Pakistan government intensifies search for suspected al-Qaida men in remote border region

? The Pakistani government intensified a dangerous hunt Thursday for 40 suspected al-Qaida men near the Afghan border, sending 100 more infantrymen to scour a mountainous border region inhabited by fiercely independent, armed tribesmen who often have al-Qaida sympathies.

The troops, backed by helicopters and armored vehicles, joined more than 500 other soldiers who have been in the area since Wednesday, when the suspected al-Qaida fighters opened fire on Pakistani soldiers, killing ten, including a captain and a major. More soldiers were wounded.

An army officer in the North West Frontier Province, who spoke on condition of anonymity, said soldiers were carrying out ID checks of those leaving or entering the area.

He said troops also destroyed a house where the fighters had hidden as a warning to those locals who support al-Qaida and Afghanistan’s ousted Taliban regime.

Pakistan military spokesman Gen. Rashid Quereshi said soldiers had arrested “some al-Qaida men” since Wednesday morning, but he refused to elaborate. It was not clear if those arrested were linked to Wednesday’s attack.

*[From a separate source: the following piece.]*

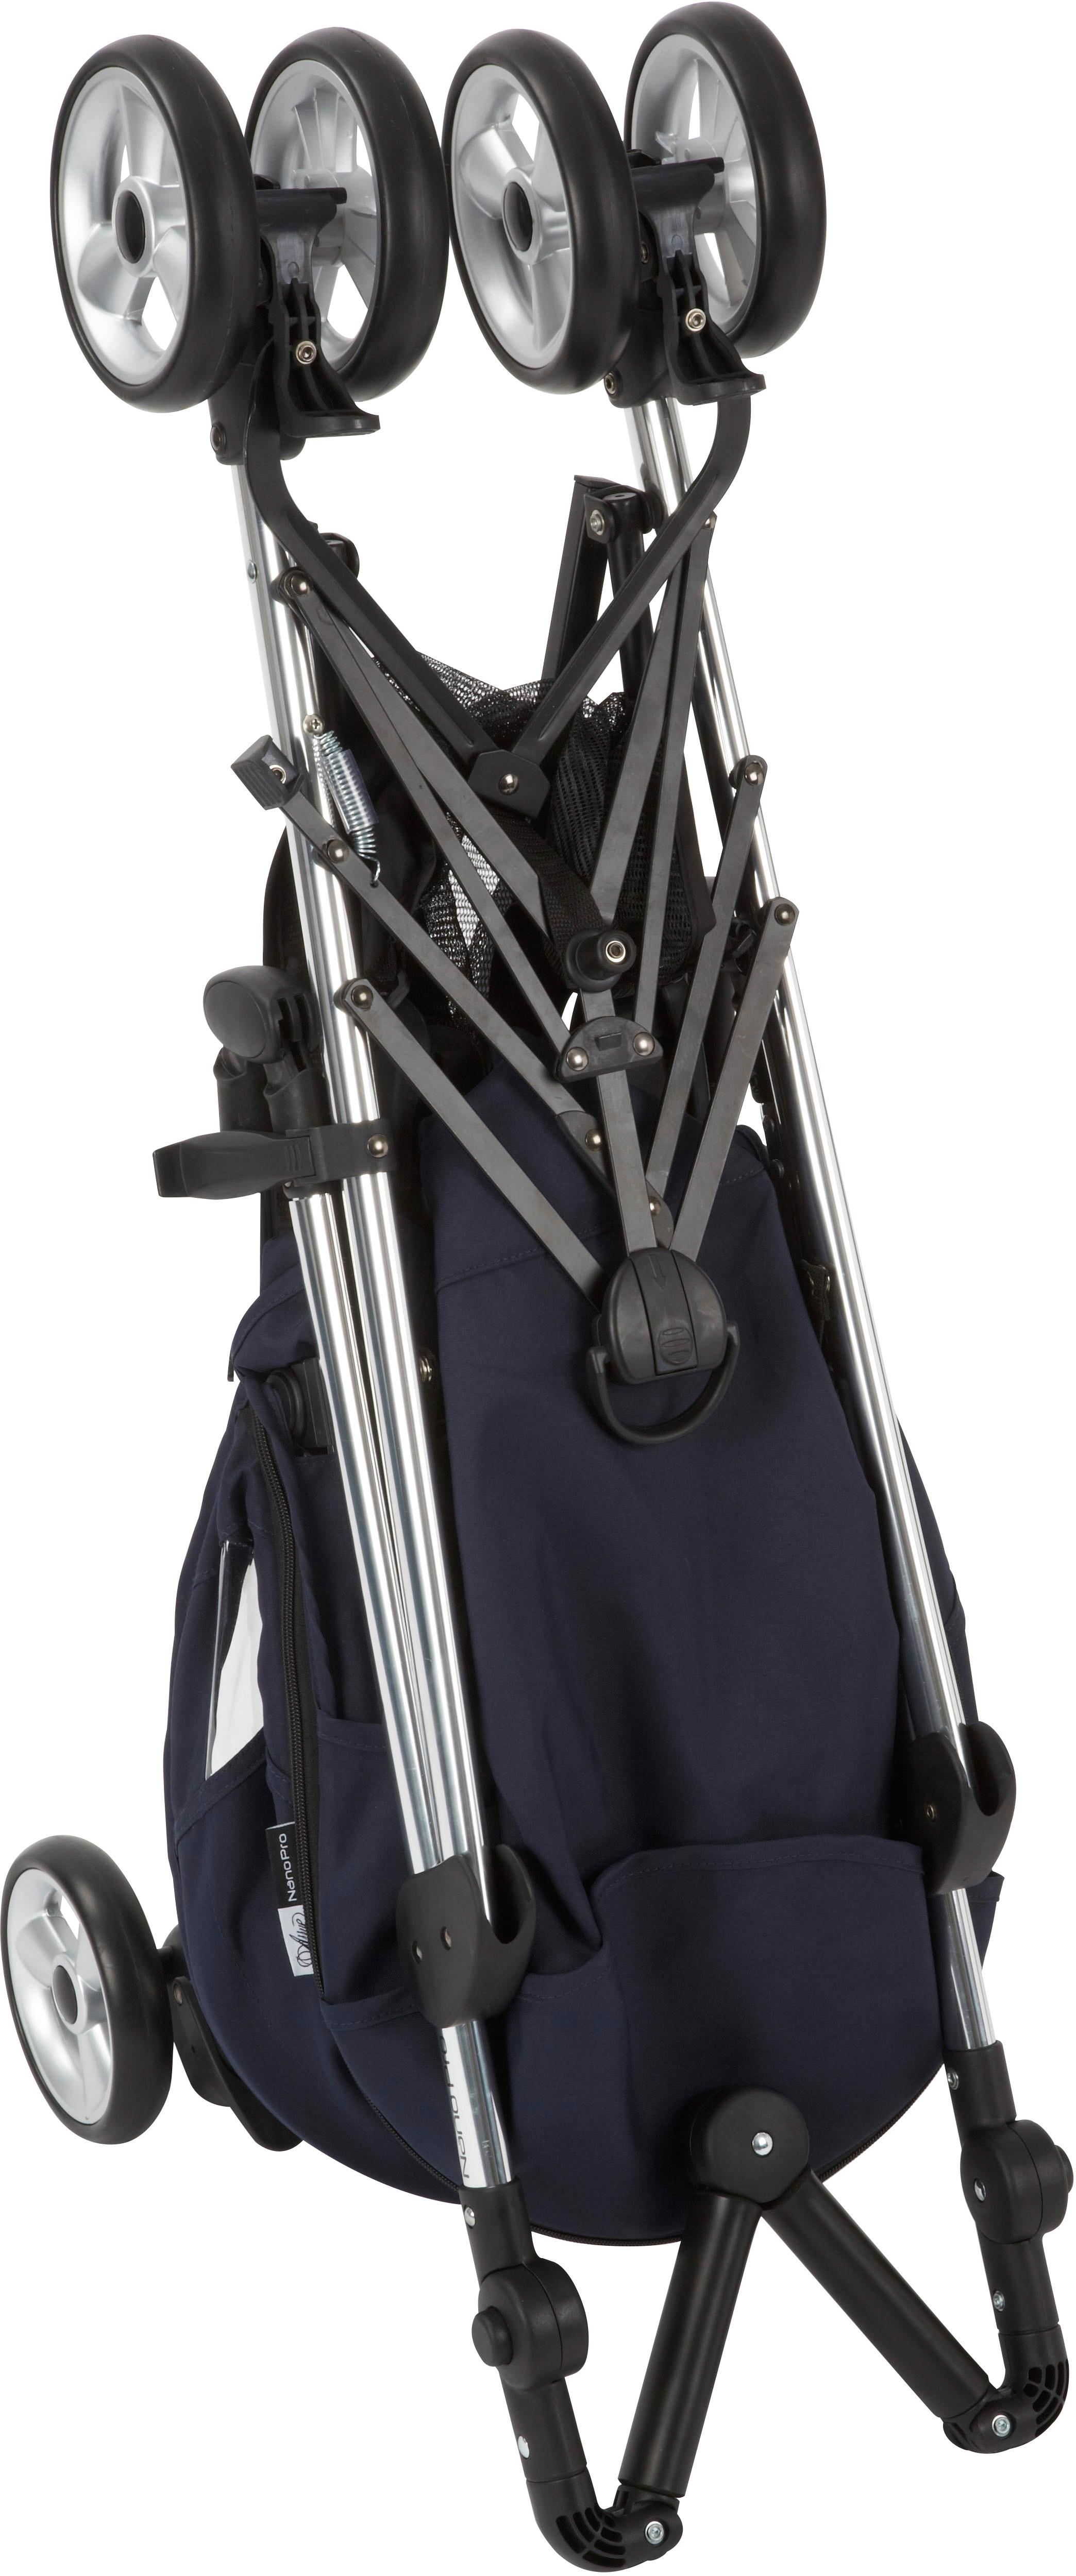 An lisis de arrue nano pro comparador de sillas de paseo ocu - Mejor silla de paseo ocu ...

The fight broke out before dawn when soldiers approached a suspected al-Qaida hideout near the town of Wana, about 300 kilometers (190 miles) west of Islamabad, in South Waziristan, a mountainous area on the Afghan border dominated by tribal elders, largely outside the control of the Pakistani government.

More than 40 men attacked them with rocket-propelled grenades, assault rifles and hand grenades, the army said.

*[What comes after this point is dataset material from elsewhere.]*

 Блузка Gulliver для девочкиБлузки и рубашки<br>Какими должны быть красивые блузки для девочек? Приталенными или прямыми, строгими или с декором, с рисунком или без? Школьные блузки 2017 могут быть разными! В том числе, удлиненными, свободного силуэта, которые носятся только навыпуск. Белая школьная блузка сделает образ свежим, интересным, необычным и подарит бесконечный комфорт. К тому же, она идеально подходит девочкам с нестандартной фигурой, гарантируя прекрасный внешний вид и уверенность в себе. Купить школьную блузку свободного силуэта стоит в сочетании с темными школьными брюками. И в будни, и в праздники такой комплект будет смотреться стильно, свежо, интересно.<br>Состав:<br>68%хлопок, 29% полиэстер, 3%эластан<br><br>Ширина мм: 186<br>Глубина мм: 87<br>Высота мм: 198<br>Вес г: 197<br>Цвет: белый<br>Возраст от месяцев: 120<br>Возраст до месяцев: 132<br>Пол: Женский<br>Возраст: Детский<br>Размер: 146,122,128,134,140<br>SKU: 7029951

Officers said three al-Qaida fighters then engaged the army in a prolonged firefight while the others fled under cover of darkness. Two fighters were killed and one, a 15-year-old boy, was captured.

The fighters are believed to be Chechen members of al-Qaida who fled to Wana after the U.S. military’s Operation Anaconda in southeastern Afghanistan in March. The nationality of the captured teen-ager was not made public.

The Pakistani casualties were the first since President Gen. Pervez Musharraf, a key U.S. ally in the war on terror, deployed troops to the area, bordering the Afghan provinces of Paktia and Paktika, last year to intercept al-Qaida and Taliban members fleeing U.S. military attacks.

The United States put its forces in neighboring Afghanistan on alert to provide help if Pakistan requested it, but it had not, U.S. Gen. Richard Myers, chairman of the Joint Chiefs of Staff, said Wednesday.

“While U.S. forces were not involved in the fight, we appreciate the Pakistan army’s efforts to locate the al-Qaida,” Myers said.

In the tribal belt, Americans are often referred to as “the enemy” by even non-combatant local people and are clearly not welcome in the area.

“We will give full support to the Pakistan army in efforts to arrest al-Qaida men,” said Naseemulaah, a local tribal elder who uses only one name. “But no Americans should enter our area. We will not tolerate it.”

However, the fiercely proud tribesmen, many who possess assault rifles, grenade launchers and mortars, refuse to allow house-to-house searches even by Pakistani authorities, further impeding the hunt for al-Qaida members.

During recent weeks, local government buildings and Pakistani troops have come under sporadic rocket and machinegun fire from unknown attackers in the area.

U.S. officials estimate that up to 1,000 al-Qaida fighters still operate in small groups on both sides of the mountainous border.

In Pakistan’s biggest city, Karachi, police said Thursday they had arrested eight people, including three Palestinians and two Sudanese, as part of the investigation into deadly bombings at the U.S. Consulate and a hotel in southern Pakistan.

The detainees were the latest foreigners apprehended in connection with the attacks, which officials suspect were the work of Islamic militants possibly aided by al-Qaida.

The June 14 blast outside the consulate killed at least 12 Pakistanis and injured 50. In the May 8 suicide bombing outside the Sheraton Hotel, 11 French engineers and three other people died, including the bomber.

Pakistani police, with the help of the FBI, are investigating whether the attacks were linked, and if there is a connection to the kidnap-slaying of Wall Street Journal reporter Daniel Pearl and the March 17 grenade attack on a church which killed four people, including two Americans.